Traditional Random Forests vs Ordered Random Forests.
Implementing the basic architecture.
Mining market intelligence with order.
Test on Cboe’s SPX Options 2018‑04‑01  until today.

Introduction

So here’s the thing—financial markets are these complicated beasts where catching the right signal at the right time is everything. Yeah, we’ve got our continuous data staples like factor models, order book dynamics, and volatility metrics doing the heavy lifting. But let’s not kid ourselves: some of the juiciest predictive signals? They’re not neat numerical streams. They’re ordered buckets of information.

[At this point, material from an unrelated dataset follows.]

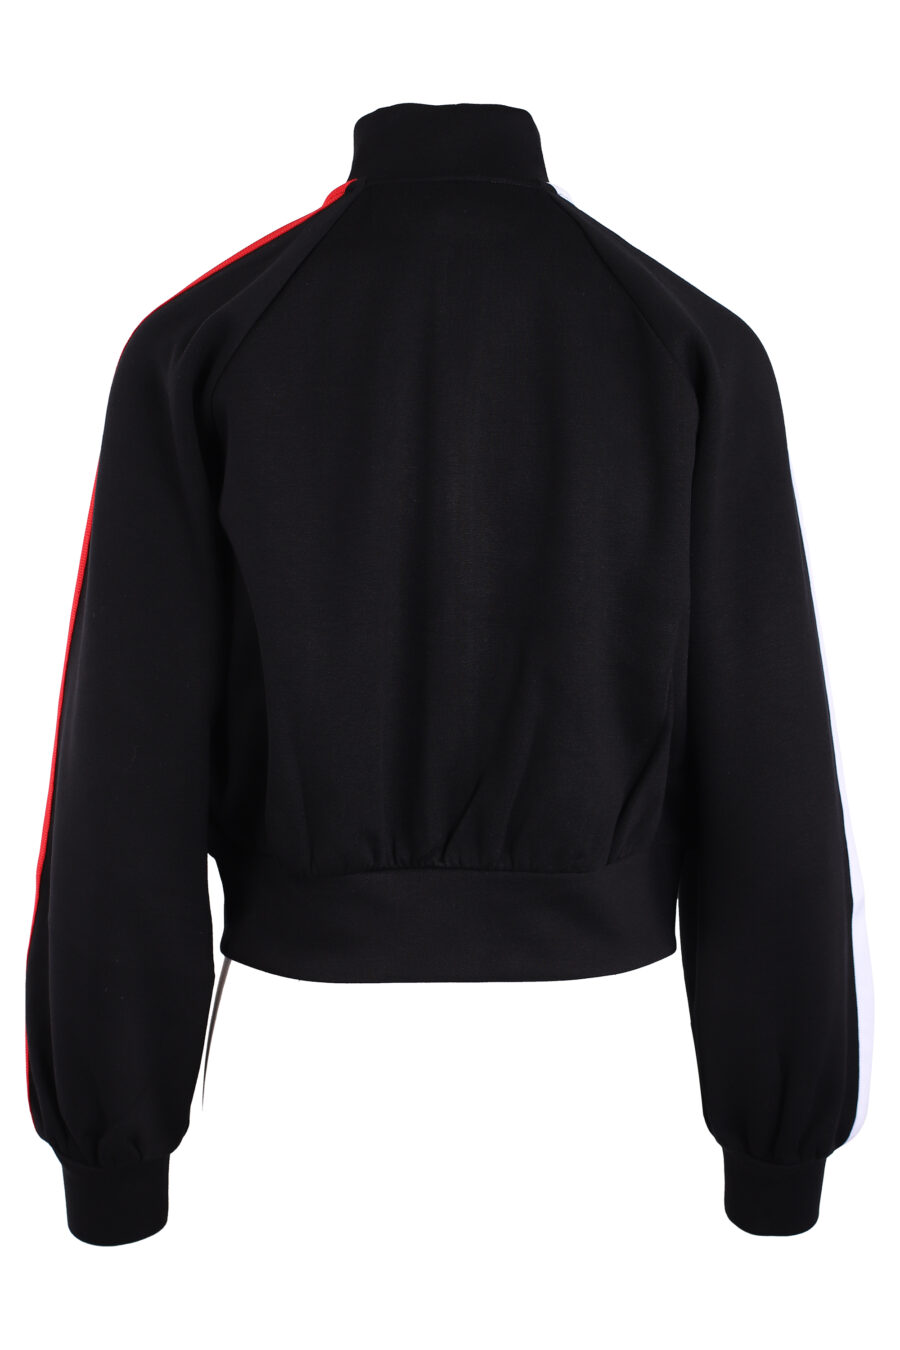 Black sweatshirt with zip and multicoloured stripes on sleeves - IMG 3372

Take market sentiment indicators – you know, the whole spectrum from panic-selling bearish to meh to irrationally exuberant bullish. Earnings surprises? Always framed as trainwreck miss, near miss, on-target, modest beat, or blowout. Even price action gets chunked into clear tiers: violent selloffs, mild dips, sideways purgatory, hesitant rallies, full-throttle uptrends.

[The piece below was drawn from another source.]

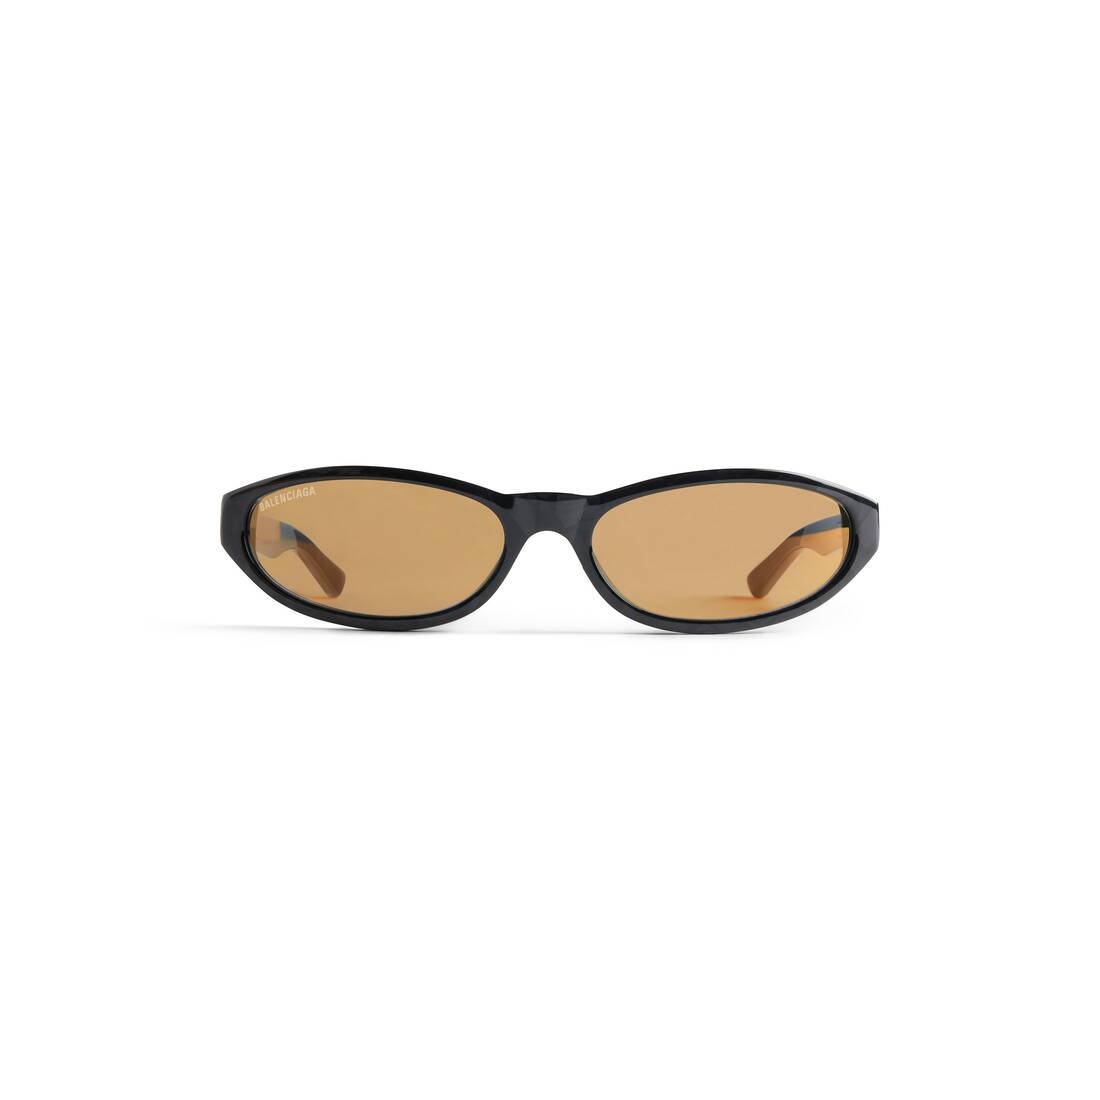 Neo Round Sunglasses in Black - 1

What makes these ordinal categories gold is their gradation – the fact that ‘mildly bullish’ sits between neutral and ‘raging bull’ isn’t just trivia, it’s structural alpha. But here’s where things get tricky: most ML models either treat them like random labels —ignoring the order entirely—or force them into some linear regression framework —pretending the steps between categories are uniform. Both approaches leave money on the table. One strips out hierarchy, the other imposes false mathematical relationships. It’s this weird paradox in quant work – we’ve got all these beautifully ordered signals, but keep analyzing them with tools that either flatten or contort their actual shape.

As the statistician George Box famously stated:

"Essentially, all models are wrong, but some are useful." Our challenge is to find the model most useful for capturing the essential ordered structure of financial signals, rather than distorting it.

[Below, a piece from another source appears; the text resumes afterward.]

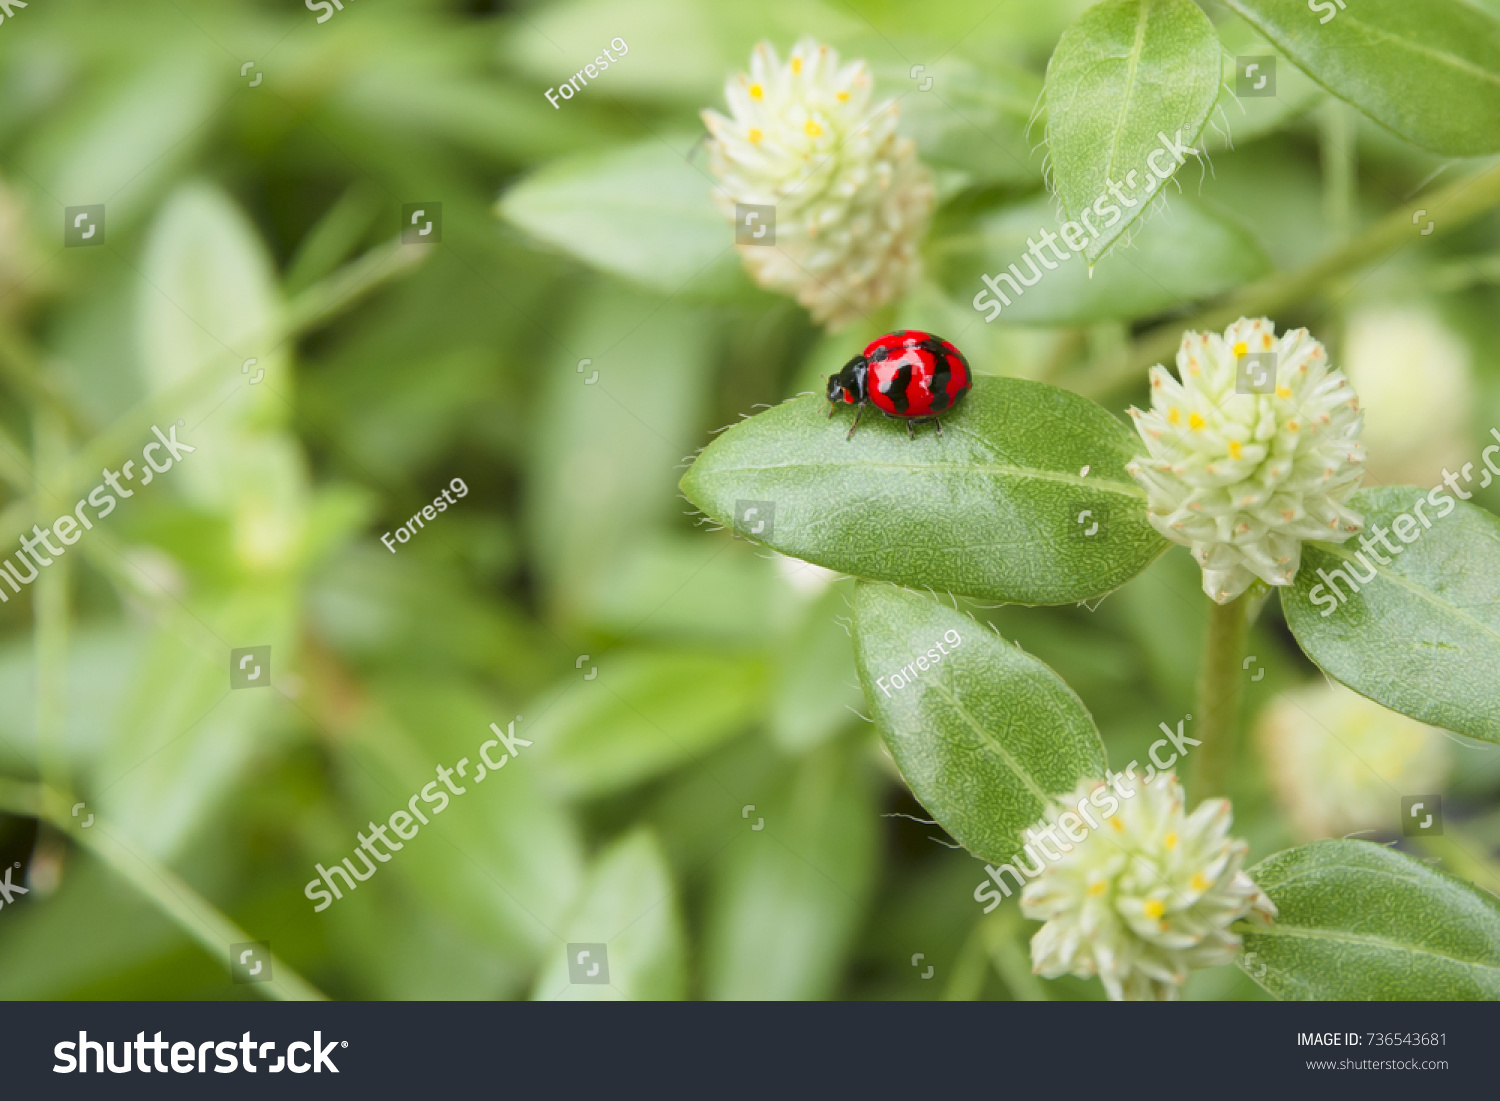 Red beetle (Ladybird beetles) on grass flower in the garden. #736543681

The constraints of parametric models

For decades, quants and traders dealing with ordered outcomes relied heavily on parametric models, primarily ordered logit and ordered probit. These models postulate an underlying latent continuous variable related to the predictors through a linear function and thresholds that map the latent variable to the observed ordered categories. While mathematically elegant under their specified conditions, their application to the chaotic, high-dimensional, and non-linear world of financial markets is fraught with peril.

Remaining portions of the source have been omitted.